### WORK INSTRUCTION
Each line below should be repeated exactly, but no picture should be carried over.

### INFORMATION PROVIDED
···
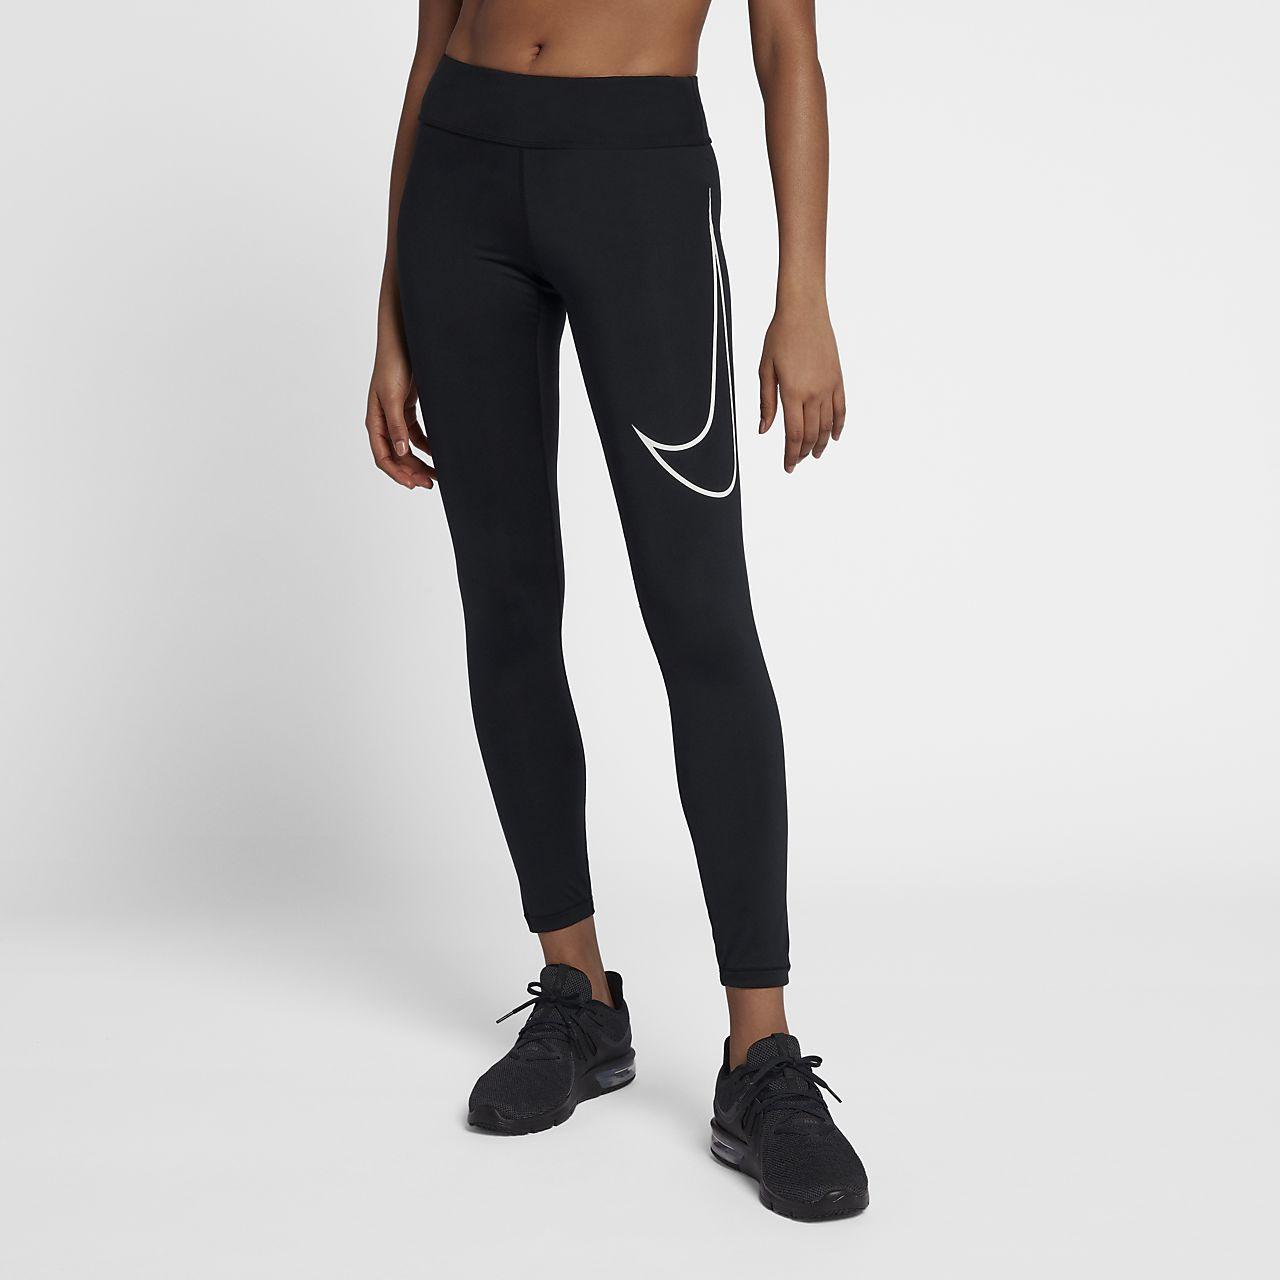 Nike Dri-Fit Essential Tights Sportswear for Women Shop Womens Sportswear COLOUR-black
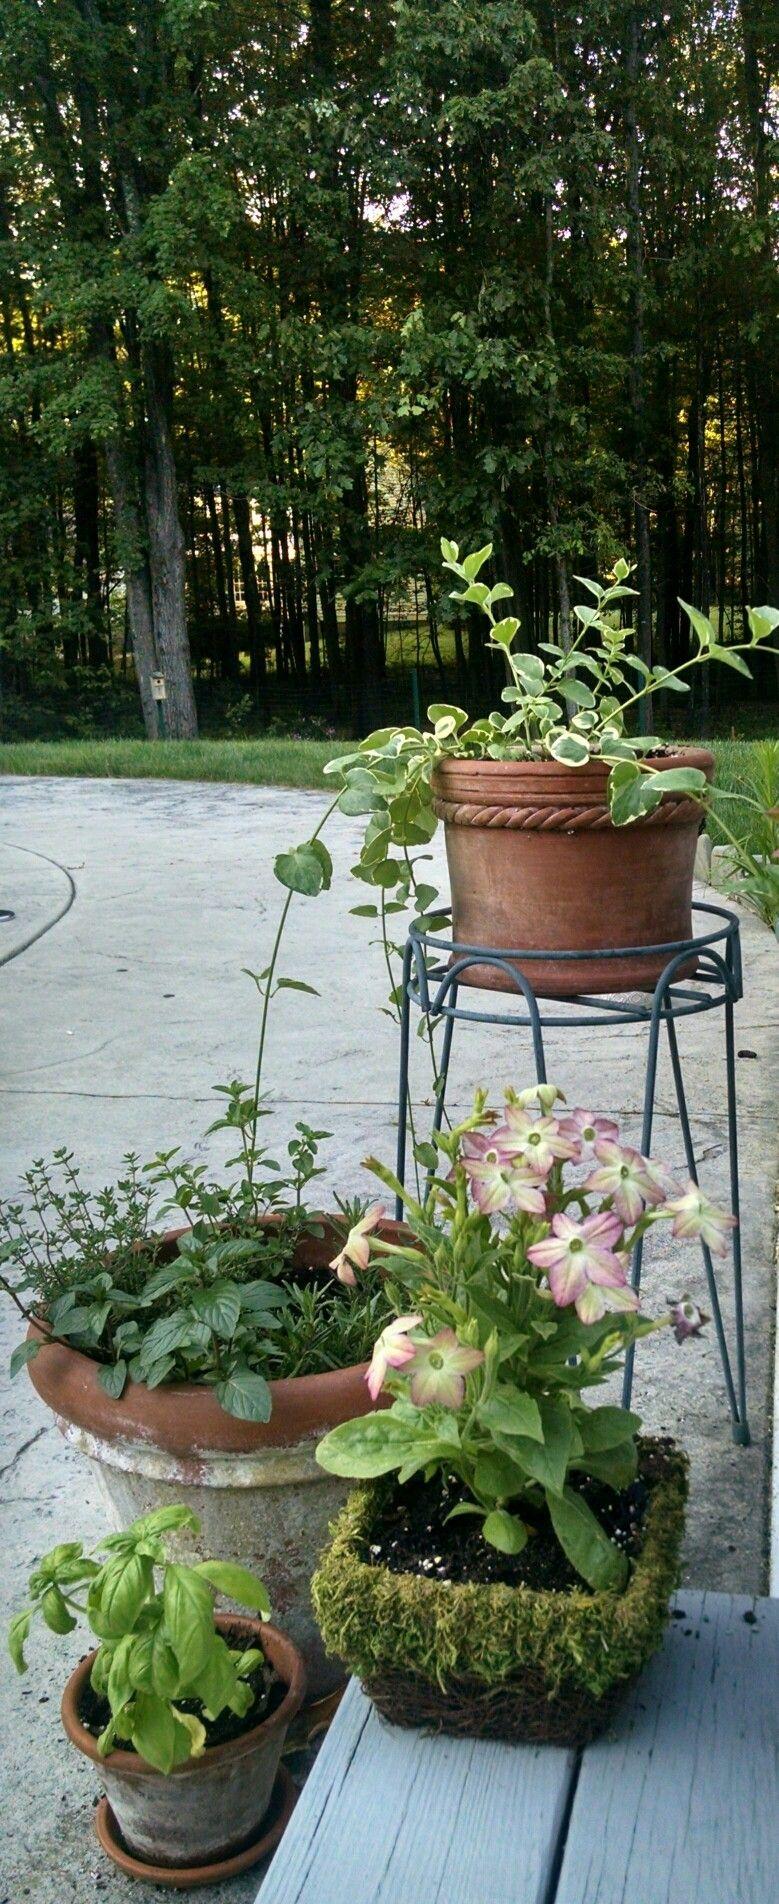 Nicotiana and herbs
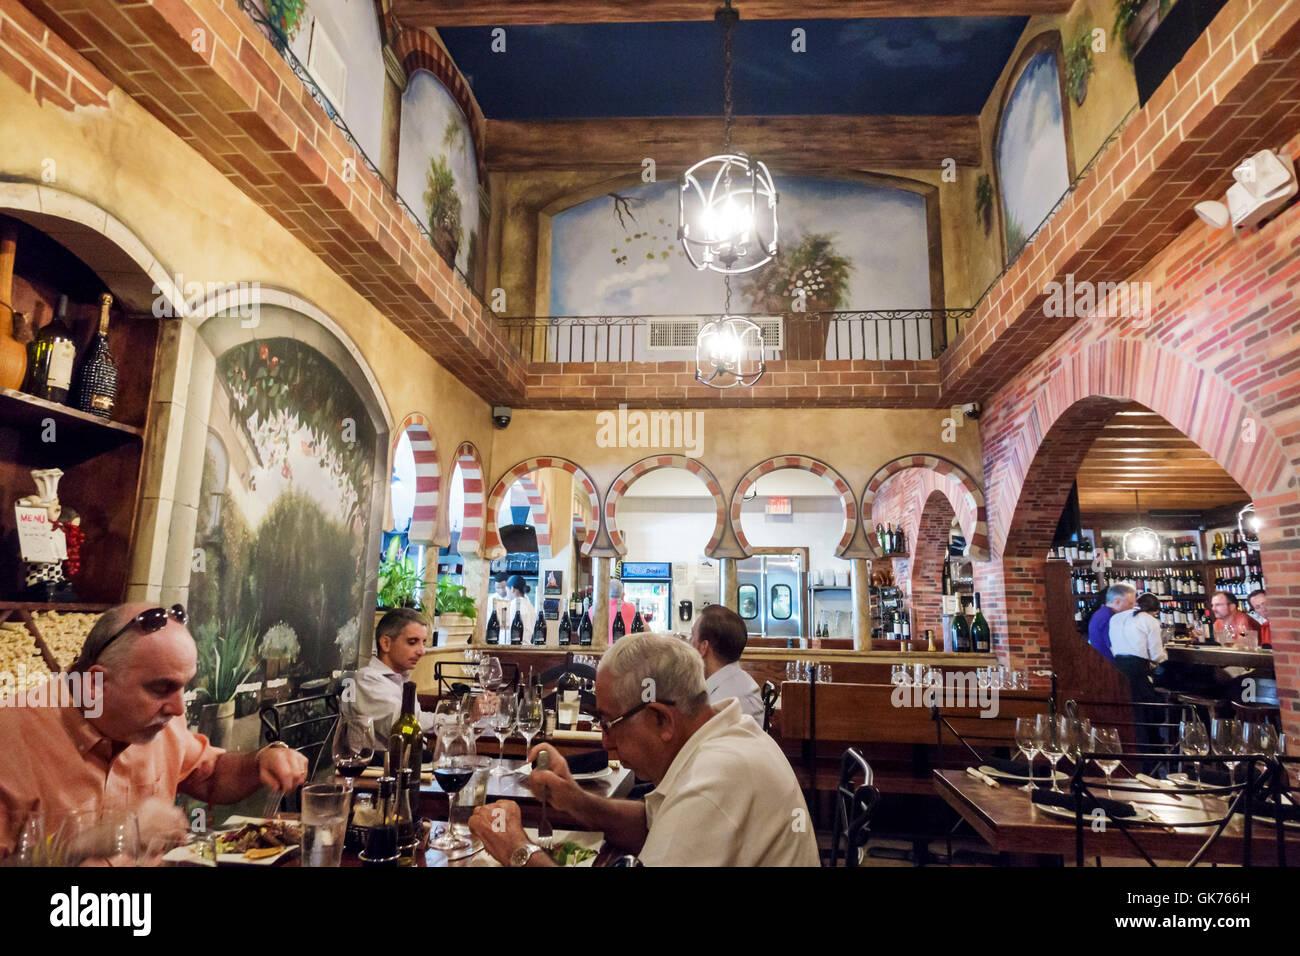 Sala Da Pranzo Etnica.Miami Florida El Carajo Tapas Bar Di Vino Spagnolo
···
### SOLUTION TO THIS EXERCISE
 Nike Dri-Fit Essential Tights Sportswear for Women Shop Womens Sportswear COLOUR-black
 Nicotiana and herbs
 Sala Da Pranzo Etnica.Miami Florida El Carajo Tapas Bar Di Vino Spagnolo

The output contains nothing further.